Bissy (Cola Nut)
Cola nuts are used in Jamaica for stomach pains and as a purge when poison is suspected. The nuts are
grated and boiled like coffee or taken with strong rum. A little cola is sometimes added to country chocolate and
it is considered to allay hunger. The plant is said by Lunan to have been brought to Jamaica from the Guinea Coast and planted out near Guanaboa by one Mr. Goffe. In Africa the nut is chewed to promote digestion, is considered to be a tonic, stimulating and antiperiodic, and is also used in dysentery. The chemical composition of cola nuts appears to be complex and a matter for some difference of opinion. 11 is stated that I to 2.35 per cent of caffeine and a small amount of the bromine are present. Starch makes up about 46 per cent of the dry nut; glucose and sucrose are present; fats (up to 3 per cent) tannin and gum are found. Early work indicated the presence of a compound called kolatine said to be a tanno-glucoside or a catechin compound but this has not been found by subsequent investigators. Kolanine, described in earlier work as a glucoside splitting up into caffeine, glucose and kola red. and occurring principally in fresh nuts, was later said to be a mixture of caffeinetannate and theobromine-tannate, the latter being a glucoside. Kola red may also be a glucoside, giving rise to phloroglucin.
Majoe Bitters: Cascara Amarga.(picramnia antidesma)
This plant is still in use in Jamaica for the preparation of home remedies. It is an excellent tea for a teething baby. Barham says that the name ‘Majoe’ is that of an old negro woman who used the plant with considerable success in the treatment of yaws and venereal diseases.

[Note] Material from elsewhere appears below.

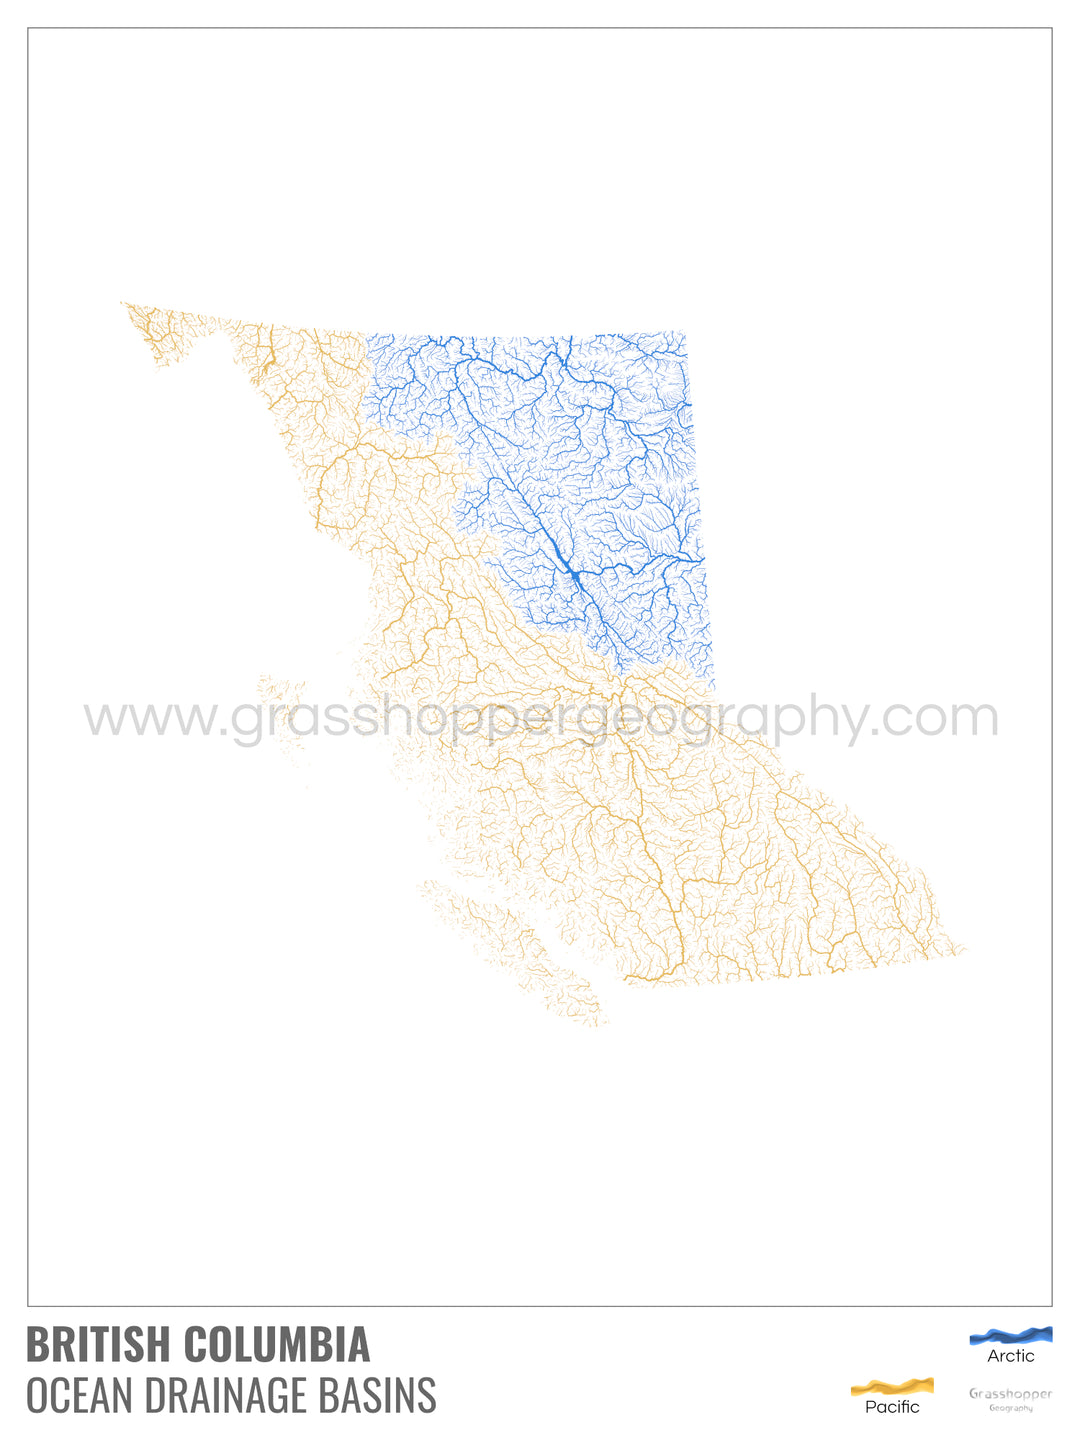 British Columbia - Ocean drainage basin map, white with legend v1 - Photo Art Print

It has also been used for colic, intermittent
fevers and skin ulcers.
Eucalyptus; Gum Tree.
The following species have been introduced into Jamaica during the last ten years by the Forestry
Department:- E. globulus Labil. (Blue Gum, Fever Tree); E. deglupta Blume; E. robusta Sm.; E. microcorys F.
Muell.; E. saligna Sm.; E. kirtoniana F. Muell.; E. alba Reinw.; E. citriodora Hook.
Tea and baths made with eucalyptus leaves are taken by some Jamaicans in cases of colds and fever.
The leaves may also be put into the patient’s bed. Similar uses of the leaves are found in countries where
Eucalyptus is indigenous or where it has been introduced. In Africa a leaf decoction or infusion is used as a
remedy for influenza, while steam from the leaves boiling in water is used as a respiratory antiseptic. Australia
the home of many Eucalyptus spp. finds similar uses for the leaves, those of E. globulus providing a favourite
fever remedy. This species has been used in Europe to treat malaria: the presence of eucalyptus trees in marshy
areas has been said to reduce the incidence of malaria. The leaves have been further used in various parts of the
world as an antiseptic wound and ulcer dressing, to make an enema for the elimination of worms; and, in
infusion as an insecticide and as a medicine for diabetes (negative results).
The chief requirement of medicinal oil of eucalyptus is a high cineole content. The oil from E. globulus
is now of minor importance and that of E. citriodora is excluded on account of its high cineole content. The
fresh leaf of E. globulus is said to contain about 2.75 per cent oil which has a high cineole (eucalyptol) content
and also contains pinene, globulol, eudesmol and various aldehydes. Within the genus the principal constituents
of eucalyptus oil, alcohols, hydrocarbons, aldehydes and so on are very irregularly distributed. Leaves of E.
globulus, E. microcorys and E. saligna, for example, contain no phellandrene, though it occurs in some species;
E. saligna and E. robusta contain cineole and pinene.